AWS Glue interactive sessions provide a serverless Spark backend, coupled with an open-source Jupyter kernel that integrates with notebooks and IDEs such as PyCharm, IntelliJ, and VS Code. By using interactive sessions, you can test your code on real datasets with the AWS Glue Spark backend and the IDE of your choice. To get started, follow the steps in Getting started with AWS Glue interactive sessions.

Use partitioning to query exactly what you need

Partitioning refers to dividing a large dataset into smaller partitions based on specific columns or keys. When data is partitioned, AWS Glue can perform selective scans on a subset of data that satisfies specific partitioning criteria, rather than scanning the entire dataset. This results in faster and more efficient query processing, especially when working with large datasets.

Partition data based on the queries that will be run against it. For example, if most queries filter on a particular column, partitioning on that column can greatly reduce query time. To learn more about partitioning data, see Work with partitioned data in AWS Glue.

Optimize memory management

Memory management is crucial when writing AWS Glue ETL jobs because they run on the Apache Spark engine, which is optimized for in-memory processing. The blog post Optimize memory management in AWS Glue provides details on the following memory management techniques:

  • Amazon S3 list implementation of AWS Glue

  • Grouping

  • Excluding irrelevant Amazon S3 paths and storage classes

  • Spark and AWS Glue read partitioning

  • Bulk inserts

  • Join optimizations

  • PySpark user-defined functions (UDFs)

  • Incremental processing

Use efficient data storage formats

When authoring ETL jobs, we recommend outputting transformed data in a column-based data format. Columnar data formats, such as Apache Parquet and ORC, are commonly used in big data storage and analytics. They are designed to minimize data movement and maximize compression. These formats also enable splitting data to multiple readers for increased parallel reads during query processing.

Compressing data also helps reduce the amount of data stored, and it improves read/write operation performance. AWS Glue supports multiple compression formats natively. For more information about efficient data storage and compression, see Building a performance efficient data pipeline.

Use the appropriate type of scaling

Understanding when to scale horizontally (change the number of workers) or scale vertically (change the worker type) is important for AWS Glue because it can impact the cost and performance of the ETL jobs.

Generally, ETL jobs with complex transformations are more memory-intensive and require vertical scaling (for example, moving from the G.1X to the G.2X worker type).
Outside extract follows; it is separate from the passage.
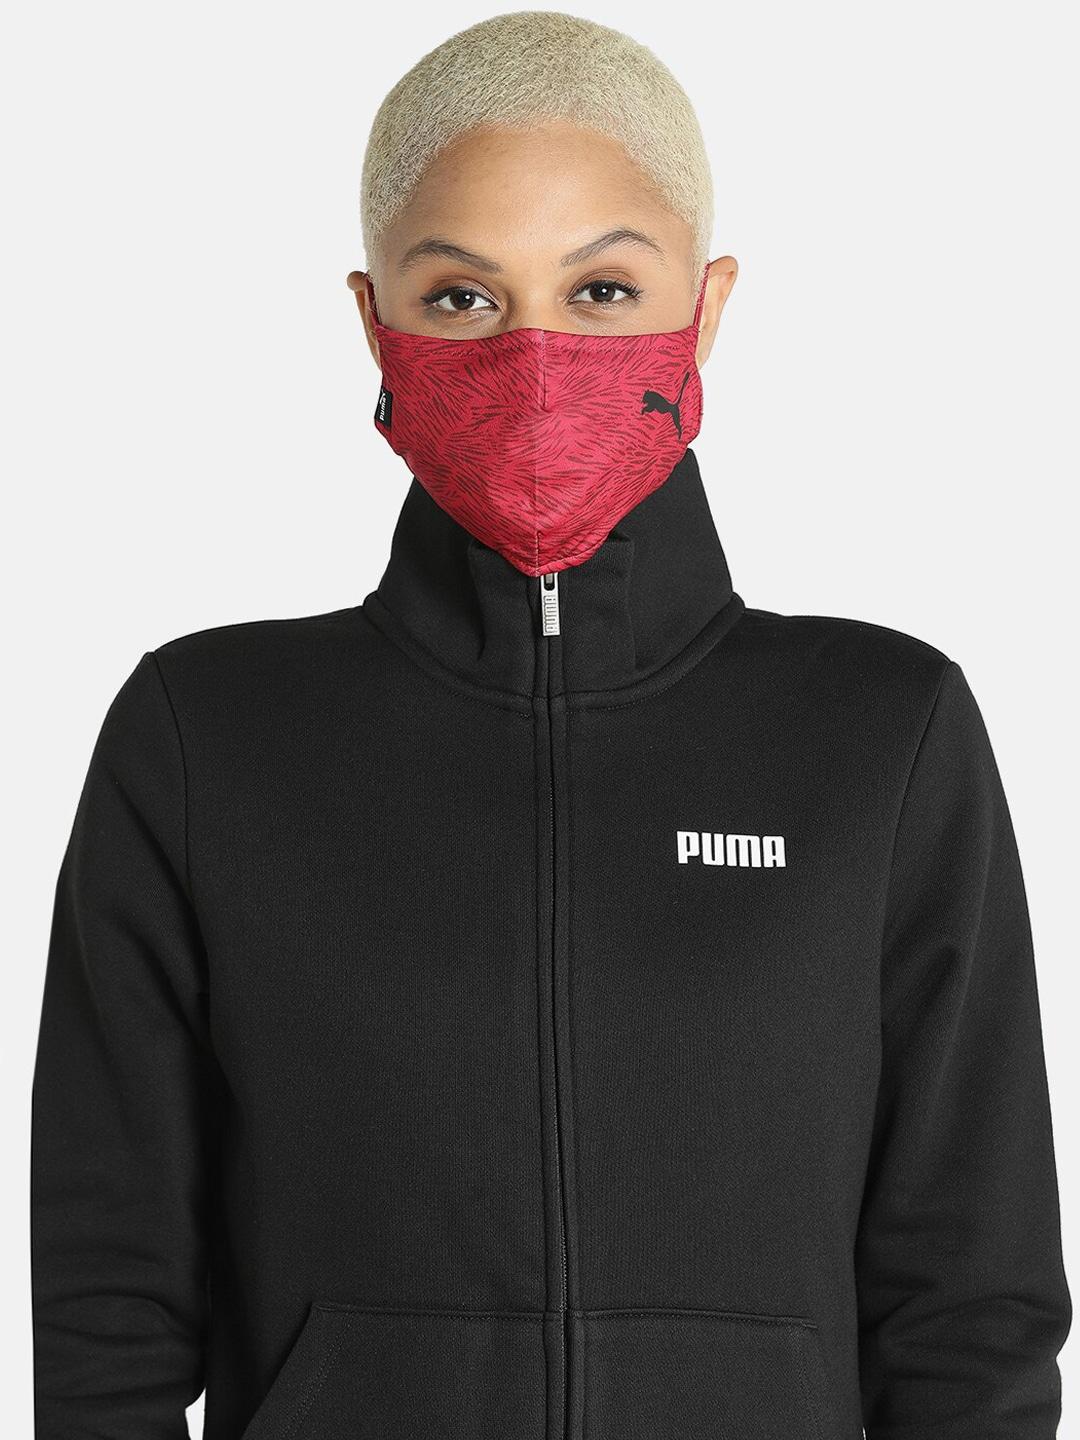 puma-unisex-red-training-face-mask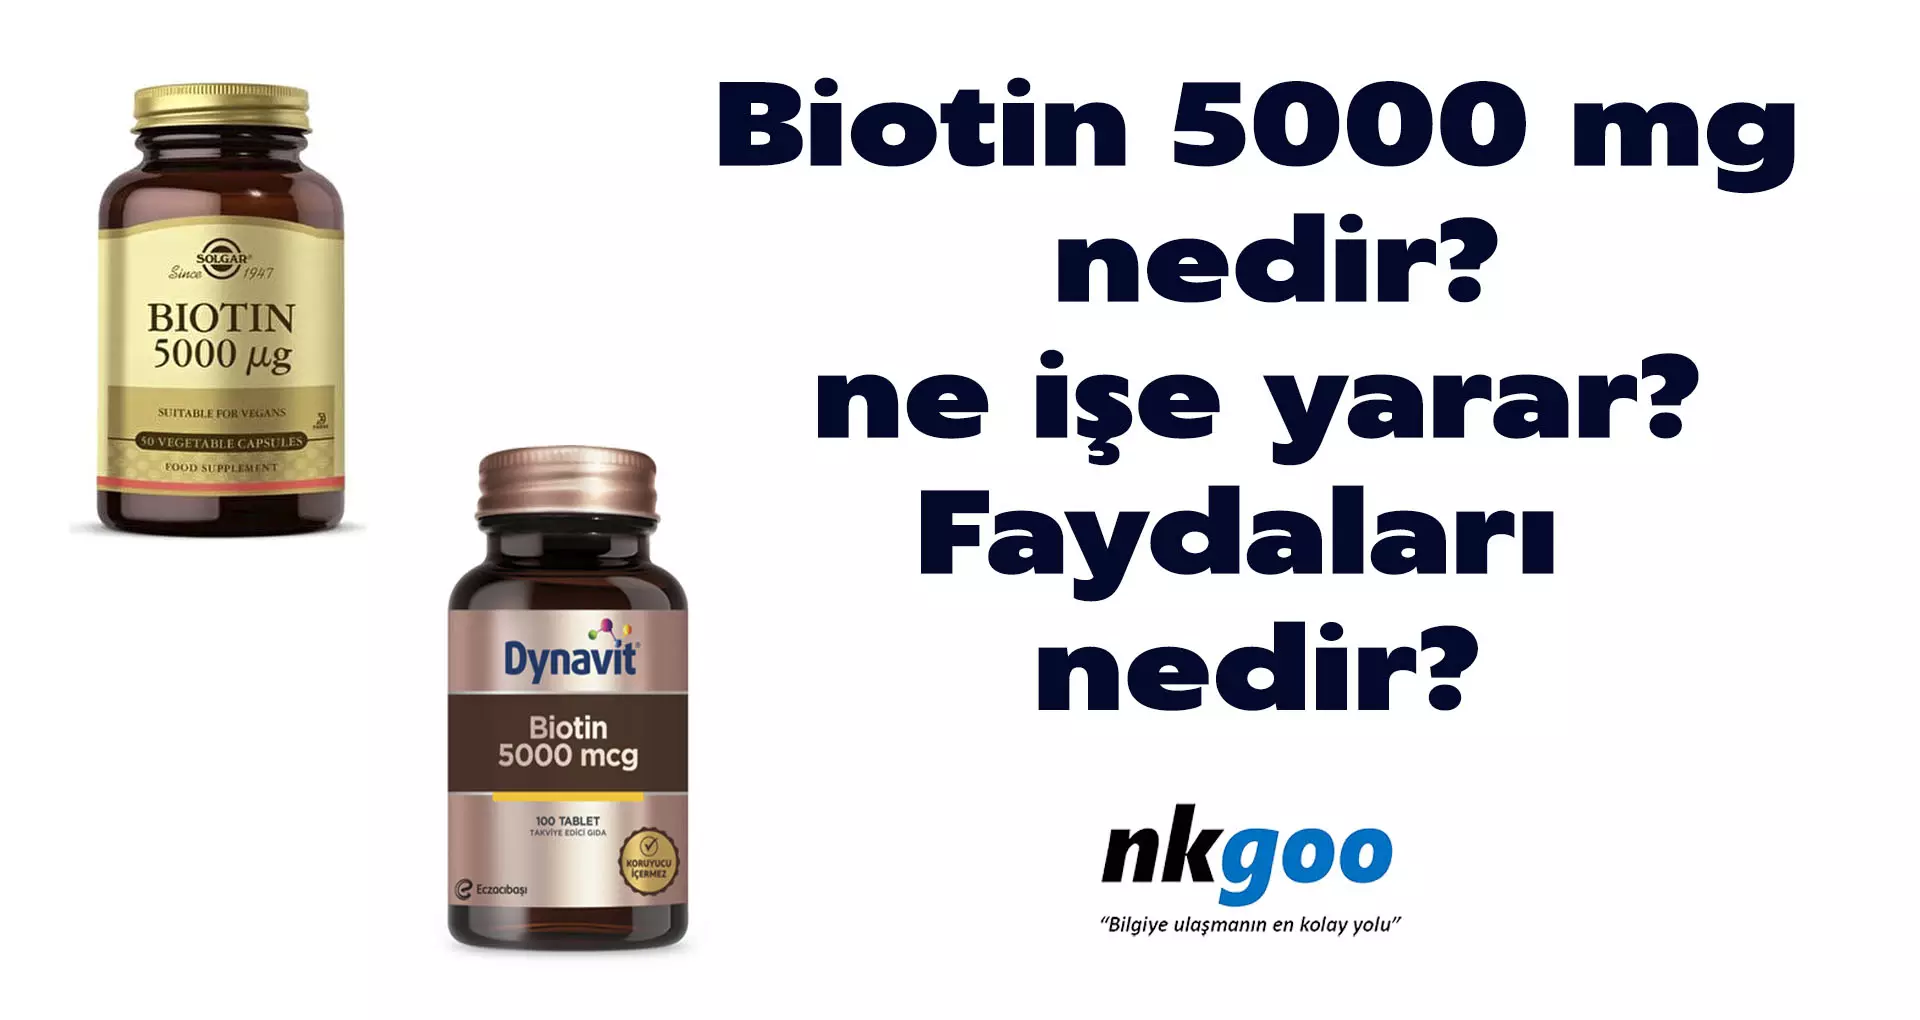 Biotin 5000 mg nedir? Ne işe yarar? Faydaları

For compute-intensive ETL jobs with large volumes of data, we recommend horizontal scaling because AWS Glue is designed to process that data in parallel across multiple nodes.

Closely monitoring AWS Glue job metrics in Amazon CloudWatch helps you determine whether a performance bottleneck is caused by a lack of memory or compute. For more information about AWS Glue worker types and scaling, see Best practices to scale Apache Spark jobs and partition data with AWS Glue.